Table 1 The clinicopathological characteristics of the unmatched and inverse probability of treatment weighting (IPTW) matched patients.

FIGURE 2

Figure 2 Comparison of the matching effects of the propensity score matching (PSM) and inverse probability of treatment weighting (IPTW). SMD, Standardized mean difference, A SMD<10% means that there is no significant difference between the distribution of variables.

3.2 Predictors of BCSS for non-chemotherapy patients

Combined with clinical and statistical significance, we screened out the same potential predictors of BCSS after PSM (Supplement Table 2) and IPTW (Table 2), which included age, race, grade, T stage, N stage, local therapy and subtype. Being younger than 85 years old (such as 70-77 vs >=85 years old, HR=0.507, 95% CI: 0.422-0.609) and being white (white vs black, HR=0.819, 95% CI: 0.709-0.947) were protective factors for BCSS. The patients with higher grade (P=0.000), T stage (P=0.000), and N stage (P=0.000) had a worse prognosis. Regarding molecular subtype, HR-HER2- had a worse prognosis than other subtypes (such as HR+HER2+ vs HR-HER2-, HR=0.528, 95% CI: 0.447-0.623). Compared with breast-conserving surgery (BCS) alone, BCS combined with radiation improved outcome (HR=0.631, 95% CI: 0.538-0.742), and radiation alone (HR=2.270, 95% CI: 1.187-4.342) was associated with worse outcome. Marital status and laterality were not statistically associated with BCSS.

TABLE 2

Table 2 Univariate and multivariable analysis of breast cancer-specific survival (BCSS) predictors in patients after inverse probability of treatment weighting (IPTW).

3.3 Construction and validation of the nomogram for BCSS

Based on the factors screened out by univariate and multivariate Cox regression analysis, a nomogram for predicting 3-year, 5-year and 10-year BCSS was constructed, as shown in Figure 3. According to the risk score of each variable (Table 3), a patient’s total score can be calculated, and then the corresponding 3-year, 5-year and 10-year BCSS can be estimated from the nomogram. The predictive performance of the nomogram was evaluated both in the validation group and chemotherapy group. The ROC curve of the nomogram was shown in Figure 4; the 3-year, 5-year and 10-year AUCs in the validation group (A) were 0.842, 0.819, and 0.788, while those in the chemotherapy group (B) were 0.762, 0.745, and 0.725, respectively. The calibration chart showed good agreement between the predicted probability and the observed probability (Figures 5; S1). As shown in the DCA curve (Figure 6), the clinical utility of nomogram was better than AJCC 6^th stage.

FIGURE 3

Figure 3 The nomogram to predict the breast cancer-specific survival (BCSS) rates. BCS, Breast conserving surgery; HR, Hormone receptor; HER2, Human epidermal growth factor receptor 2.

TABLE 3

Table 3 The risk score to predict breast cancer-specific survival (BCSS) rates according to nomogram.

FIGURE 4

Figure 4 The receiver-operating characteristics (ROC) curve for validating nomogram in the non-chemotherapy group (A) and chemotherapy group (B). TP, True Positive; FP, False Positive.

FIGURE 5

Figure 5 The calibration plot for validating nomogram in the non-chemotherapy group. When the curve is highly coincident with the diagonal, the predicted probability of survival is highly consistent with the actual survival, which means the model has excellent predictive performance.

FIGURE 6

Figure 6 The Decision Curve Analysis (DCA) curve for the nomogram and AJCC 6^th stage.

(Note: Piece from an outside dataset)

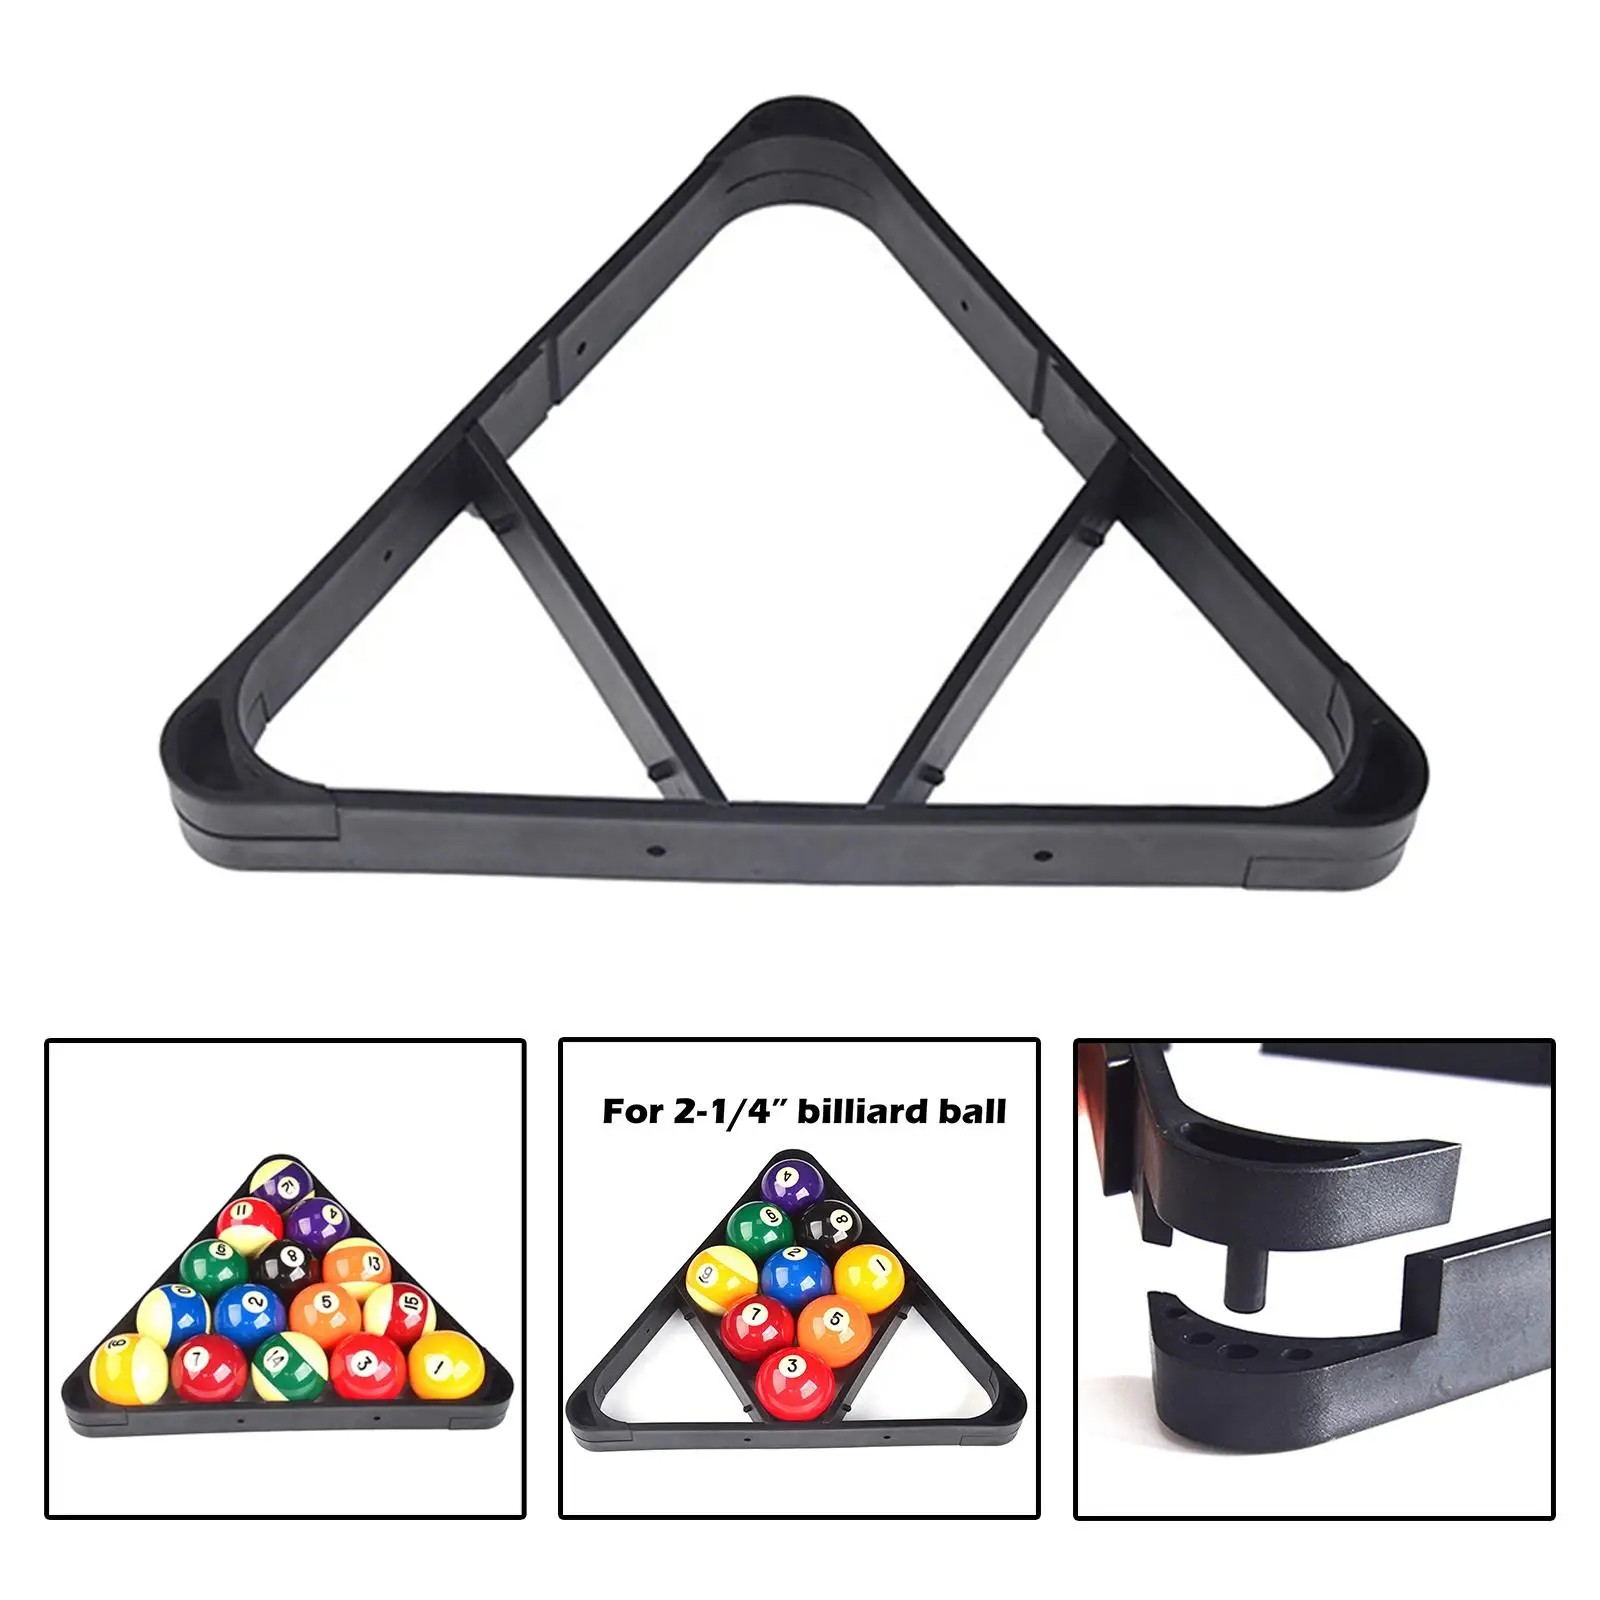 2 in 1 Billiard Triangle Ball Rack Holder Positioning Frames Pool Table Tool

3.4 Influence of chemotherapy on the BCSS of specific risk stratification

The nomogram-predicted total score was used for risk stratification by X-tile software (Figure 7), and the Kaplan–Meier curve was employed to show the survival difference of each risk group. As shown in Figure 8, patients in the high-risk group had better survival after receiving chemotherapy (P=0.0017). In the high-risk group, the 3-year, 5-year, and 10-year BCSS rates were 73.3%, 61.0%, and 48.3% for patients receiving chemotherapy, compared with 71.0%, 59.2%, and 45.0% for those who did not receive chemotherapy, respectively. However, for patients in the low-risk and median-risk groups, chemotherapy did not improve BCSS. In the low-risk group, the non-chemotherapy group had a better outcome (the 3-year, 5-year, and 10-year BCSS rates were 98.6%, 97.2%, and 93.7%) than the chemotherapy group (the 3-year, 5-year, and 10-year BCSS rates were 96.9%, 94.2%, and 89.4%) (P<0.0001). Similarly, chemotherapy was not recommended for patients in the median-risk group (P=0.00056), the 3-year, 5-year, and 10-year BCSS rates were 92.1%, 86.6%, and 77.6% for patients who did not receive chemotherapy compared with 91.4%, 85.2%, and 75.7% for those who received chemotherapy.

FIGURE 7

Figure 7 X-tile analysis of the risk stratification.

FIGURE 8

Figure 8 The Kaplan-Meier survival curves for breast cancer-specific survival (BCSS) according to risk stratification.

4 Discussion

Elderly women constitute an important part of breast cancer patients and have different biological and clinical characteristics compared with younger women. The physical decline of elderly patients increases with age, and poor physical status, many accompanying chronic diseases, and poor tolerance to treatment are also notable characteristics of such patients. In addition, due to the lack of prospective studies in elderly patients, the beneficial outcomes of chemotherapy in such patients are still controversial, and the actual practice is still influenced by the subjective opinion of clinicians, who lack reliable evidence to guide their treatment plans. In conclusion, it remains uncertain whether adjuvant chemotherapy translates into survival benefit after 70 years old. Therefore, it is of great significance to develop an individualized-level disease risk assessment model.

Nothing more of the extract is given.